Advanced AI Chatbot System for Kongju National University
Enterprise-grade RAG (Retrieval Augmented Generation) system with event-driven architecture
Intelligent Document Retrieval
- Korean-optimized semantic search using KoSimCSE embeddings
- Context-aware response generation with GPT-4o-mini
- Campus-specific content filtering (Singwan/Cheonan/Yesan)
Real-time Data Synchronization
- Event-driven architecture with Redis Pub/Sub messaging
- Automatic vector store updates on content changes
- Scalable microservices-ready infrastructure
Comprehensive Information Coverage
- Academic announcements and notifications
- Scholarship and administrative updates
- Library services and resources
- Student activities and club information
- Campus facilities and services
# 1. Clone repository
git clone https://github.com/your-username/like-knu-rag.git
cd like-knu-rag
# 2. Install dependencies (Python 3.11 recommended)

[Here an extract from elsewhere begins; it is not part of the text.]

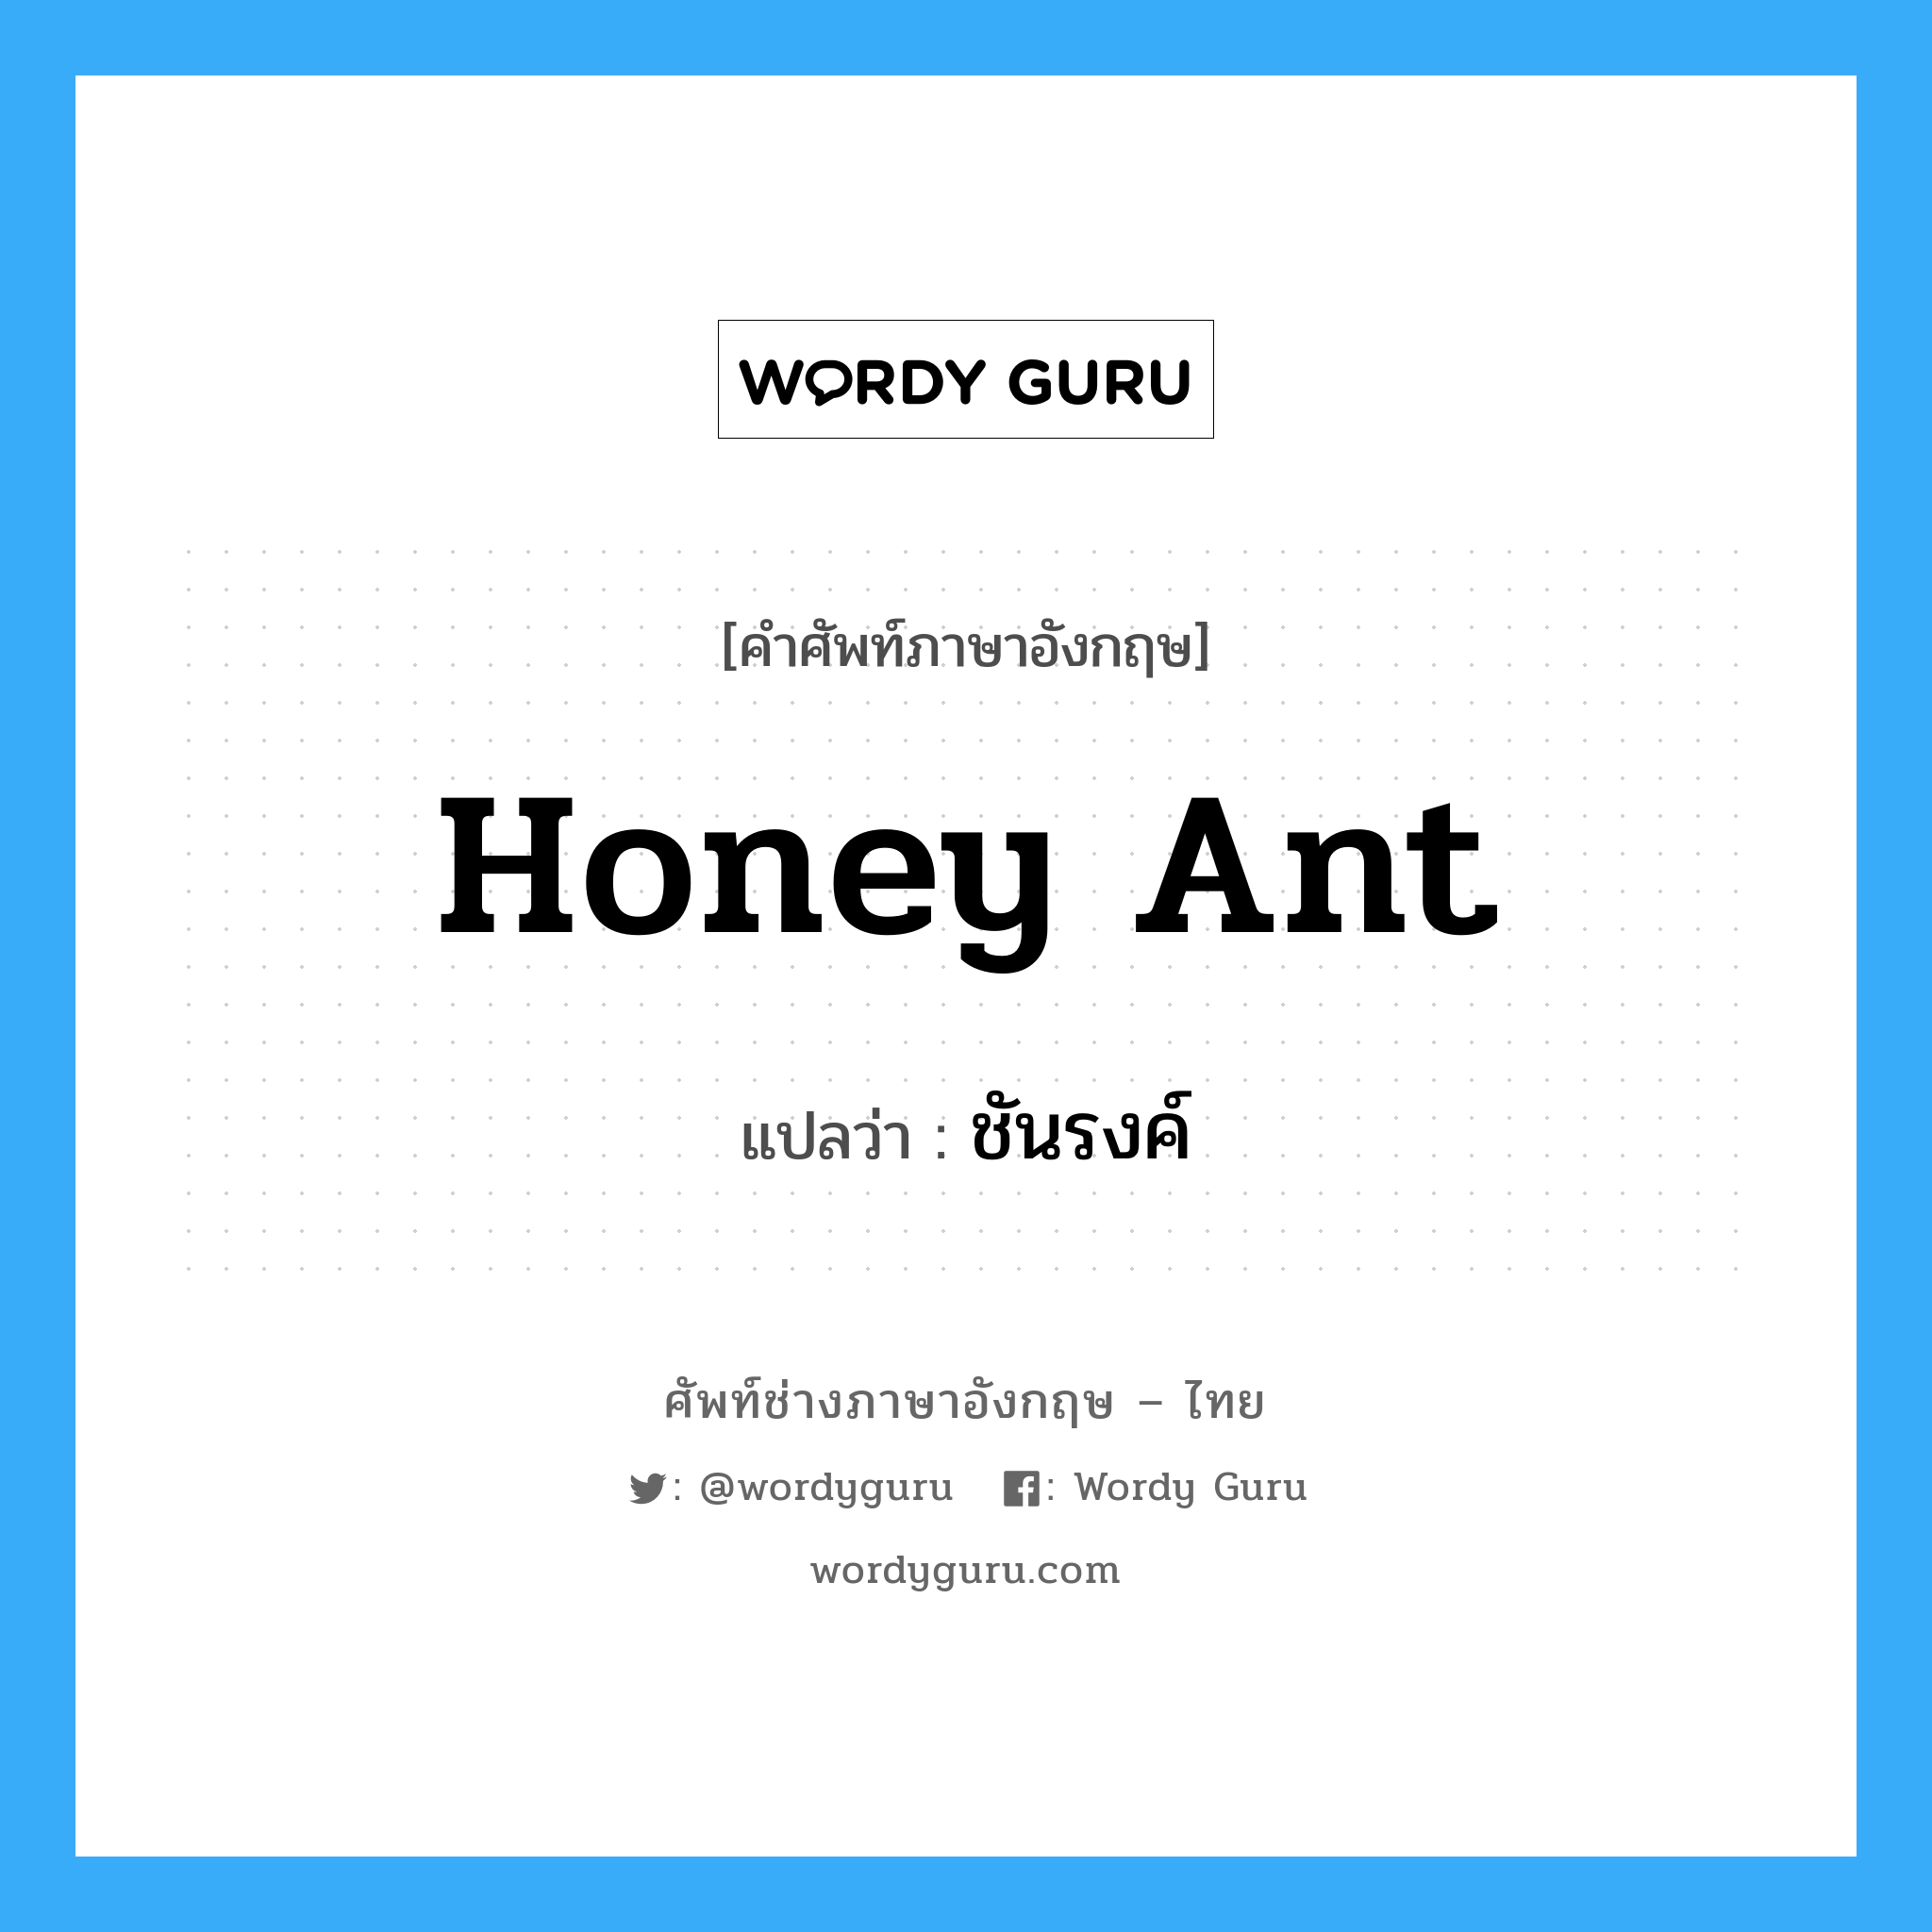 ชันรงค์ ภาษาอังกฤษ?, คำศัพท์ช่างภาษาอังกฤษ - ไทย ชันรงค์ คำศัพท์ภาษาอังกฤษ ชันรงค์ แปลว่า honey ant

pip install -r requirements.txt
# 3. Configure environment
echo "OPENAI_API_KEY=your_openai_api_key_here" > .env
# 4. Run tests
python3.11 tests/test_rag.py- Python 3.11+ - Core development language
- LangChain 0.3+ - RAG pipeline framework
- ChromaDB 0.5+ - Vector database (embedded mode)
- KoSimCSE - Korean embeddings (BM-K/KoSimCSE-roberta-multitask)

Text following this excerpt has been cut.